Retrieval-Augmented Generation (RAG) agents combine the power of information retrieval and text generation to create more factual and contextually aware AI responses. Unlike traditional generative models that rely solely on their pre-trained knowledge, RAG systems dynamically retrieve relevant documents from an external knowledge base and incorporate that information into their responses. This process ensures that the AI can provide up-to-date, verifiable, and domain-specific answers rather than relying only on its training data, which may be outdated or limited.
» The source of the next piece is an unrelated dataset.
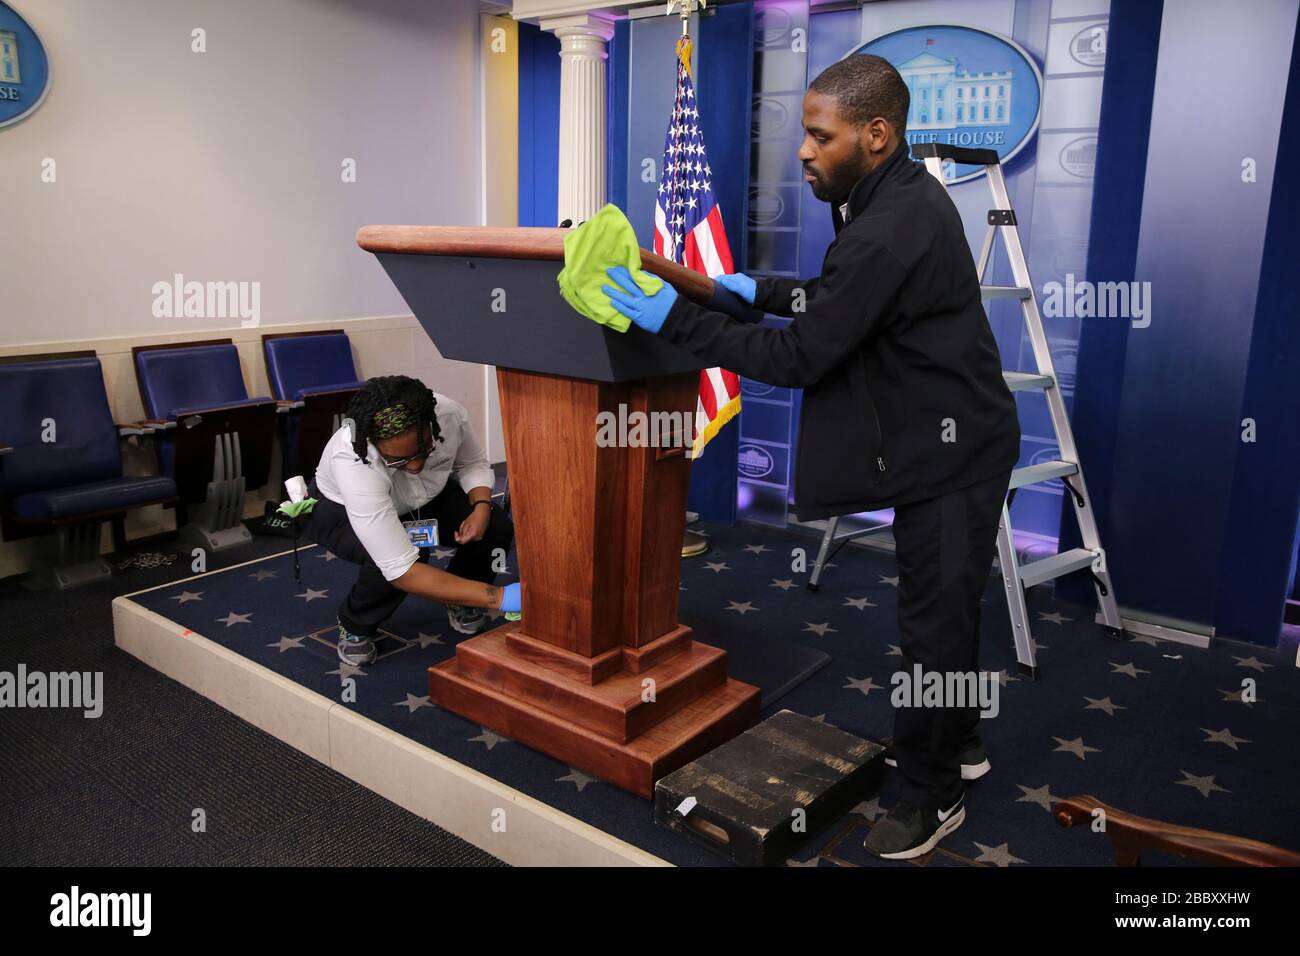 Washington DC, USA. 01st Apr, 2020. Workers clean the podium in the White House briefing room ahead the coronavirus task force briefing with President Donald Trump, on April 1, 2020, in Washington. Credit: MediaPunch Inc/Alamy Live News Stock Photo

The core mechanism of a RAG agent involves two main steps: retrieval and synthesis. First, a retrieval model searches a structured or unstructured knowledge base (such as databases, documents, or APIs) to fetch the most relevant information based on the user’s query. Then, a generative model (e.g., GPT) processes this retrieved data and integrates it into a coherent, context-rich response. This approach is particularly useful in applications like customer support, research assistants, coding helpers, and medical or legal AI advisors, where accuracy and contextual awareness are critical.
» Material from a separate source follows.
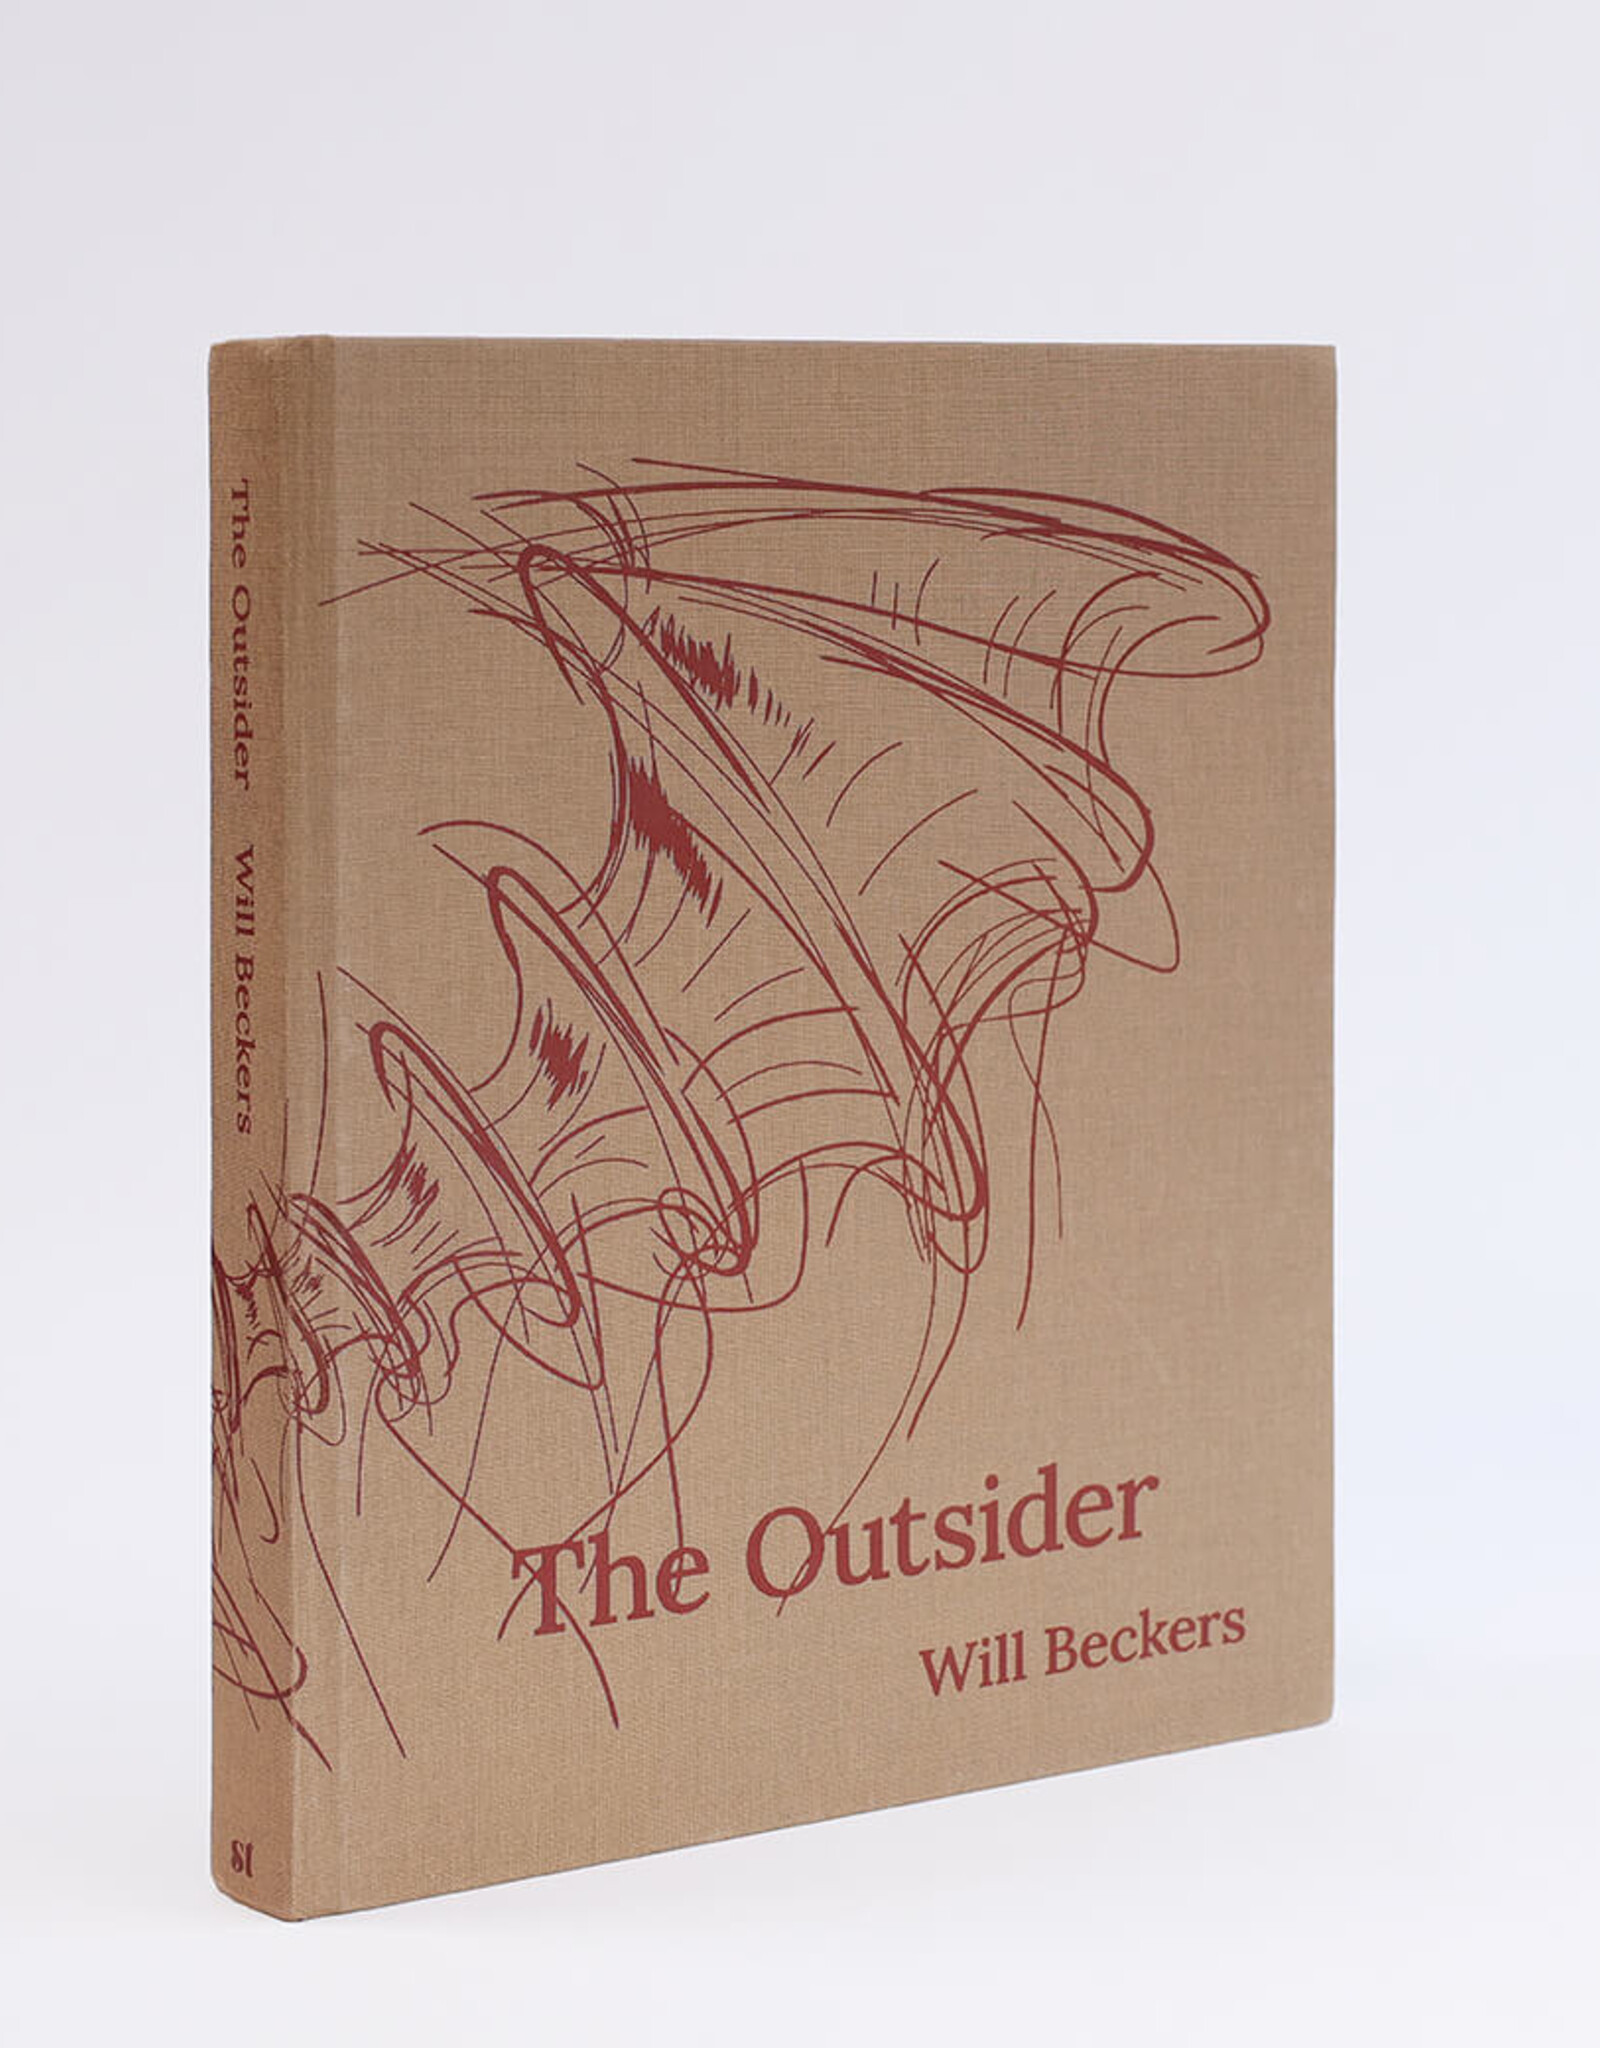 Will Beckers - The Outsider

By incorporating external knowledge sources, retrieval-augmented agents reduce hallucinations, improve response reliability, and adapt to evolving information. They can be fine-tuned to retrieve domain-specific knowledge, making them more effective in specialized fields. Additionally, they offer a practical solution to the limitations of static language models, ensuring that AI systems remain scalable, factually accurate, and continuously improving in their performance.

#### 1. Imports and Setup

In [None]:
import requests
import json
import numpy as np
import concurrent.futures
from sentence_transformers import SentenceTransformer
import faiss
import os
from typing import List, Dict, Any, Optional
from pydantic import BaseModel, Field
import mcp

OPENAI_API_KEY = "your_api_key"

# Load embedding model
embedder = SentenceTransformer('all-MiniLM-L6-v2')

# Document store
documents = []

# faiss setup for parallel vector search
dimension = 384  # dimension 
index = faiss.IndexFlatIP(dimension)
faiss.omp_set_num_threads(4)  # Use 4 threads for FAISS

### 2. Pydantic Models

This cell defines structured input schemas using Pydantic. These models provide type validation and clear documentation for the tool interfaces. The models include **DocumentInput** for single document additions, **DocumentsInput** for batch processing, **SearchInput** for configuring searches, and **RagInput** for question answering.

In [14]:
# Define tool schemas using Pydantic
class DocumentInput(BaseModel):
    document: str = Field(..., description="Text document to add to the knowledge base")

class DocumentsInput(BaseModel):
    documents: List[str] = Field(..., description="List of text documents to add to the knowledge base")

class SearchInput(BaseModel):
    query: str = Field(..., description="Search query text")
    top_k: int = Field(3, description="Number of top results to return")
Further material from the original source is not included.